# Input data
____________
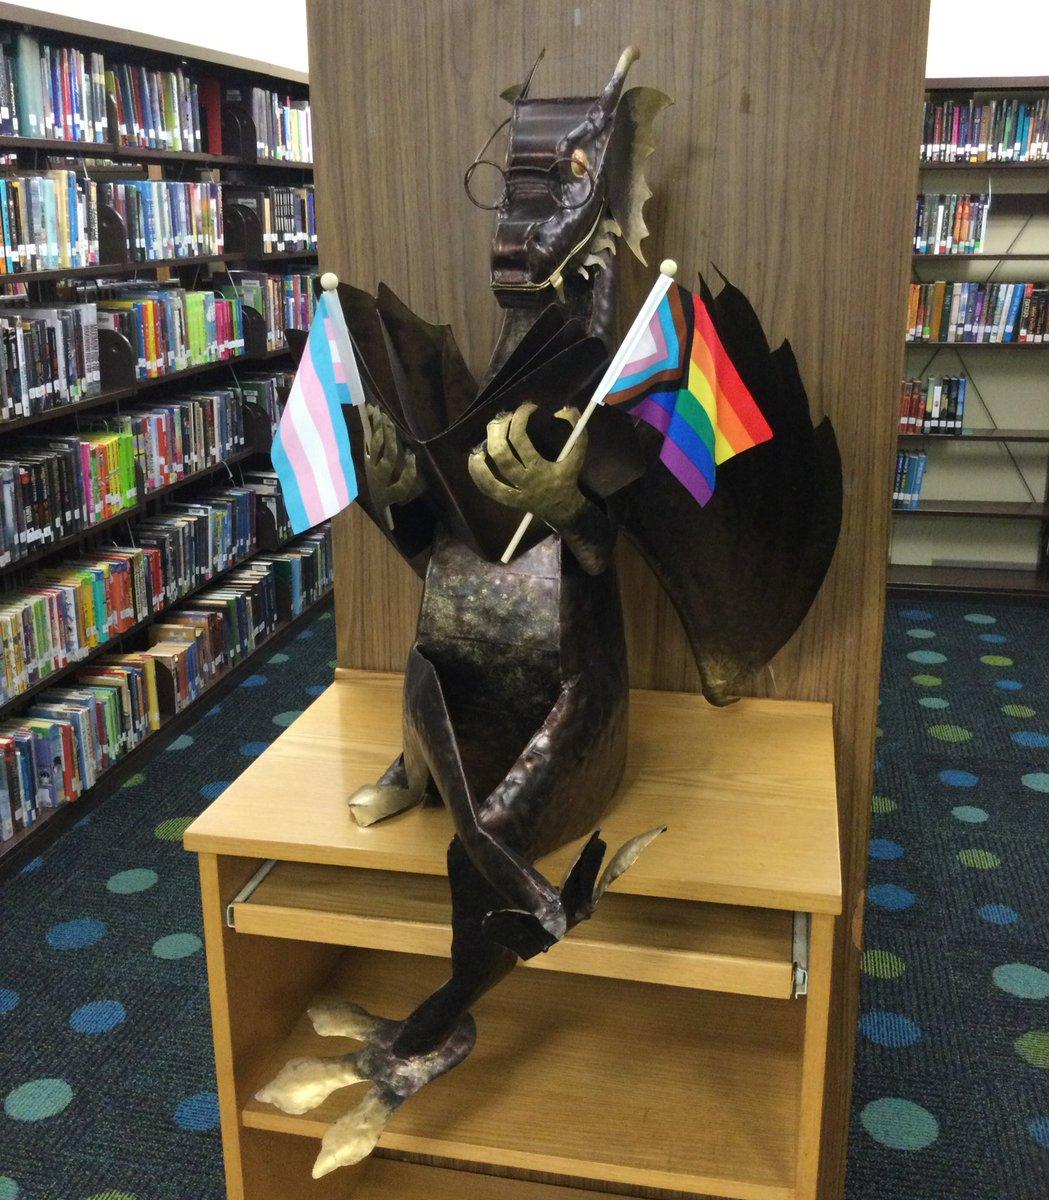 RT @JeffersonReads : Ngay cả những con rồng cũng ăn mừng Niềm tự hào! @APSLibrarian @JeffersonIBMYP # Pride2021 https://t.co/PZ2021OlxKNSV
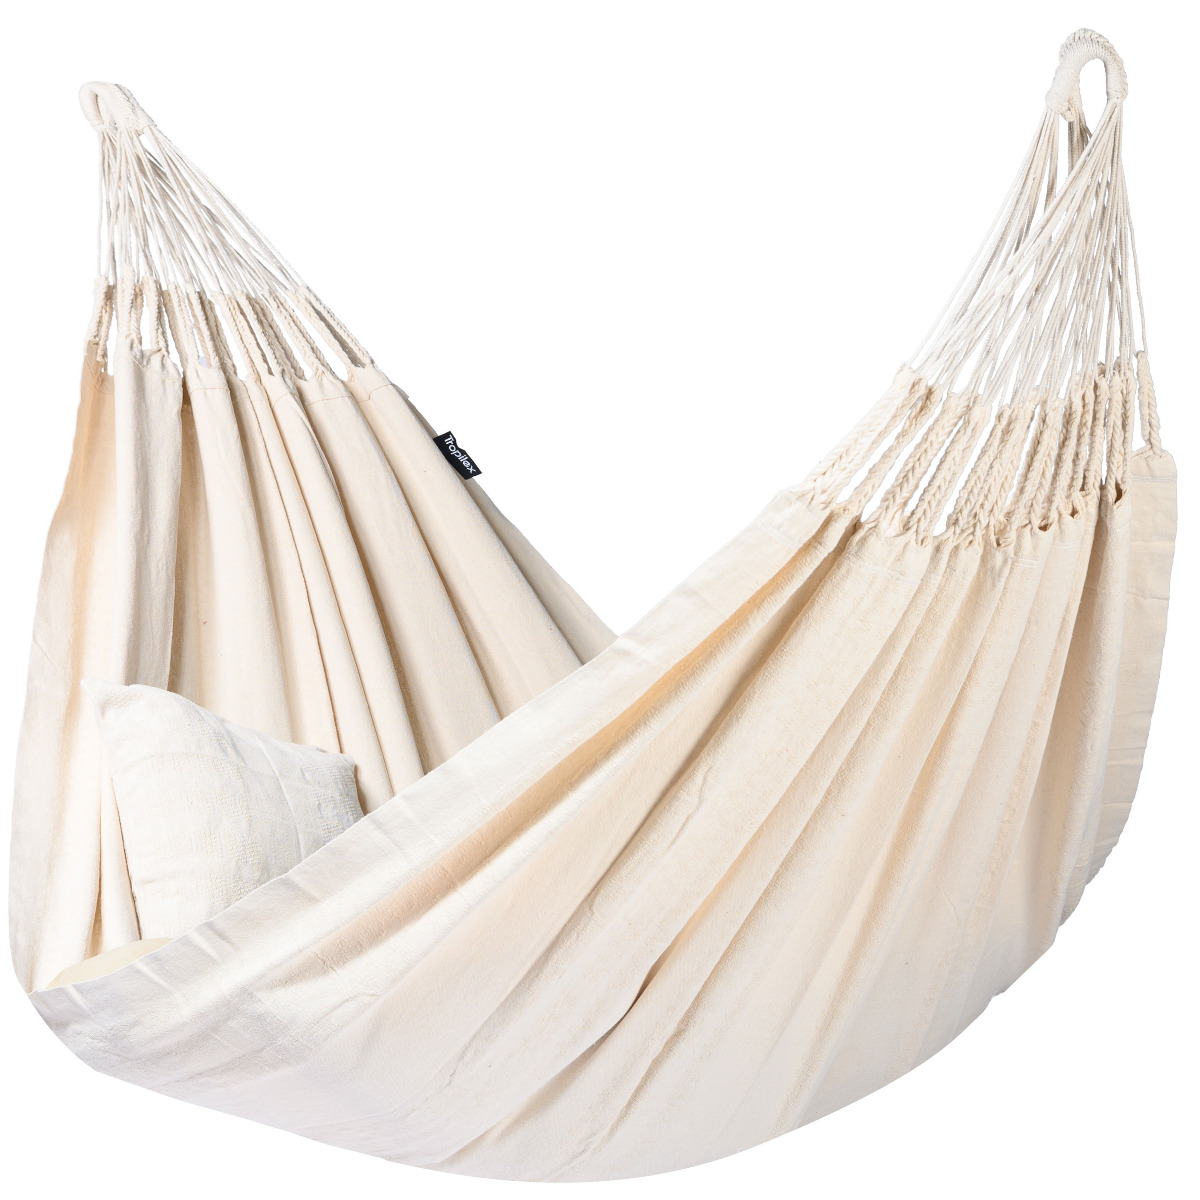 'Luxe' White XXL Hangmat - Wit - Ecru - Tropilex �
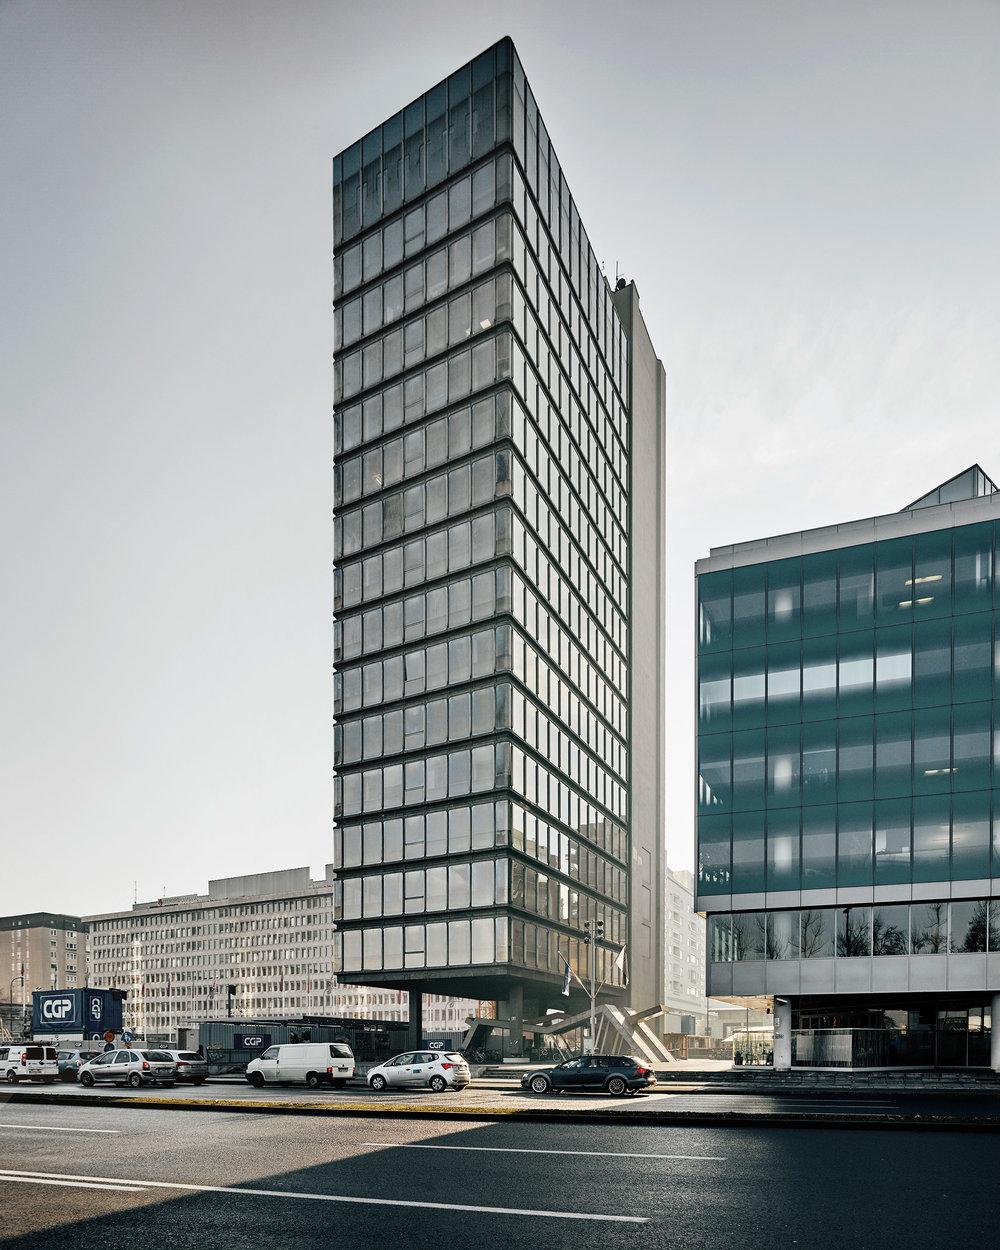 valentin-jeck-photographs-moma-toward-a-concrete-utopia-architecture-yugoslavia_dezeen_2364_col_10.jpg
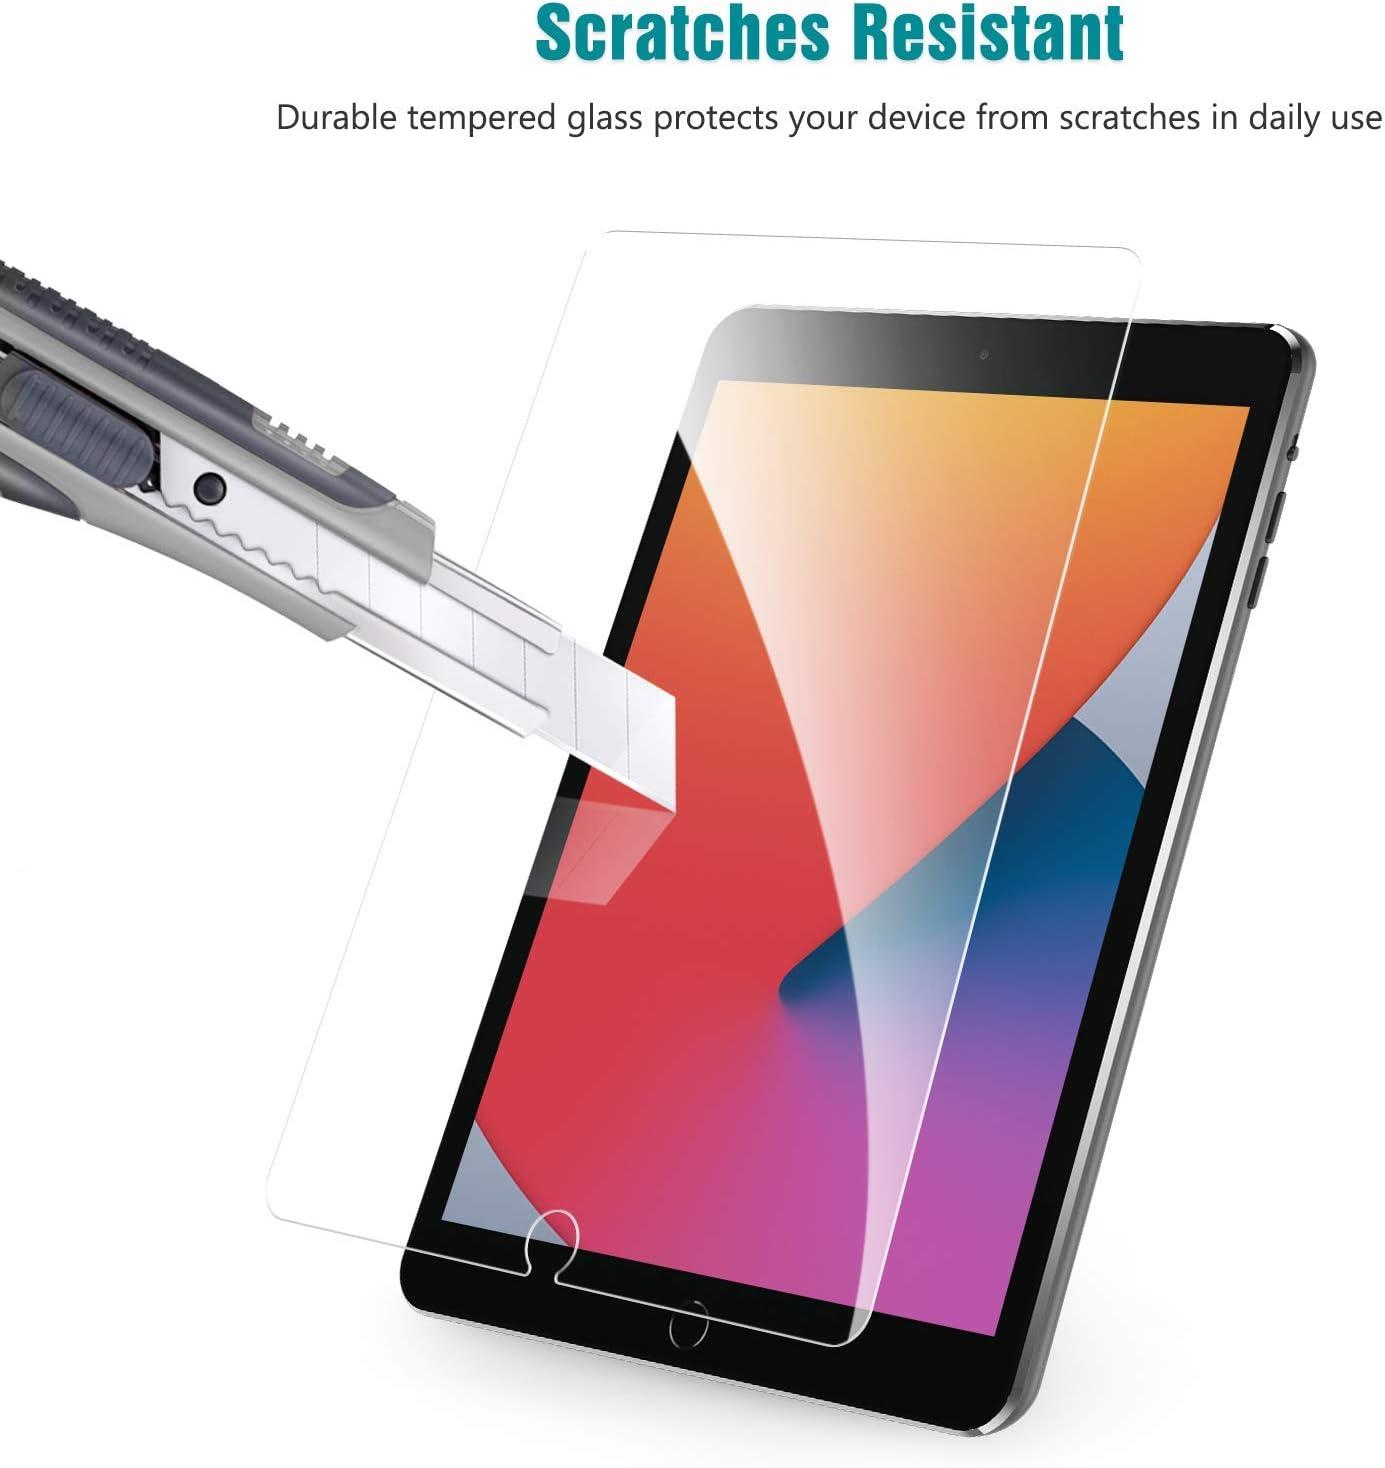 2 Piezas 2020//2019, 7/ª//8/ª Generaci/ón ,Cristal Templado iPad 8/ª Generaci/ón Anti-ara/ñazos KAPRNA Protector Pantalla Compatible con iPad 10.2 Pulgadas
____________
# Directions
One exact copy of the data, no pictures: write it out line for line.

# Output for this exercise
 RT @JeffersonReads : Ngay cả những con rồng cũng ăn mừng Niềm tự hào! @APSLibrarian @JeffersonIBMYP # Pride2021 https://t.co/PZ2021OlxKNSV
 'Luxe' White XXL Hangmat - Wit - Ecru - Tropilex �
 valentin-jeck-photographs-moma-toward-a-concrete-utopia-architecture-yugoslavia_dezeen_2364_col_10.jpg
 2 Piezas 2020//2019, 7/ª//8/ª Generaci/ón ,Cristal Templado iPad 8/ª Generaci/ón Anti-ara/ñazos KAPRNA Protector Pantalla Compatible con iPad 10.2 Pulgadas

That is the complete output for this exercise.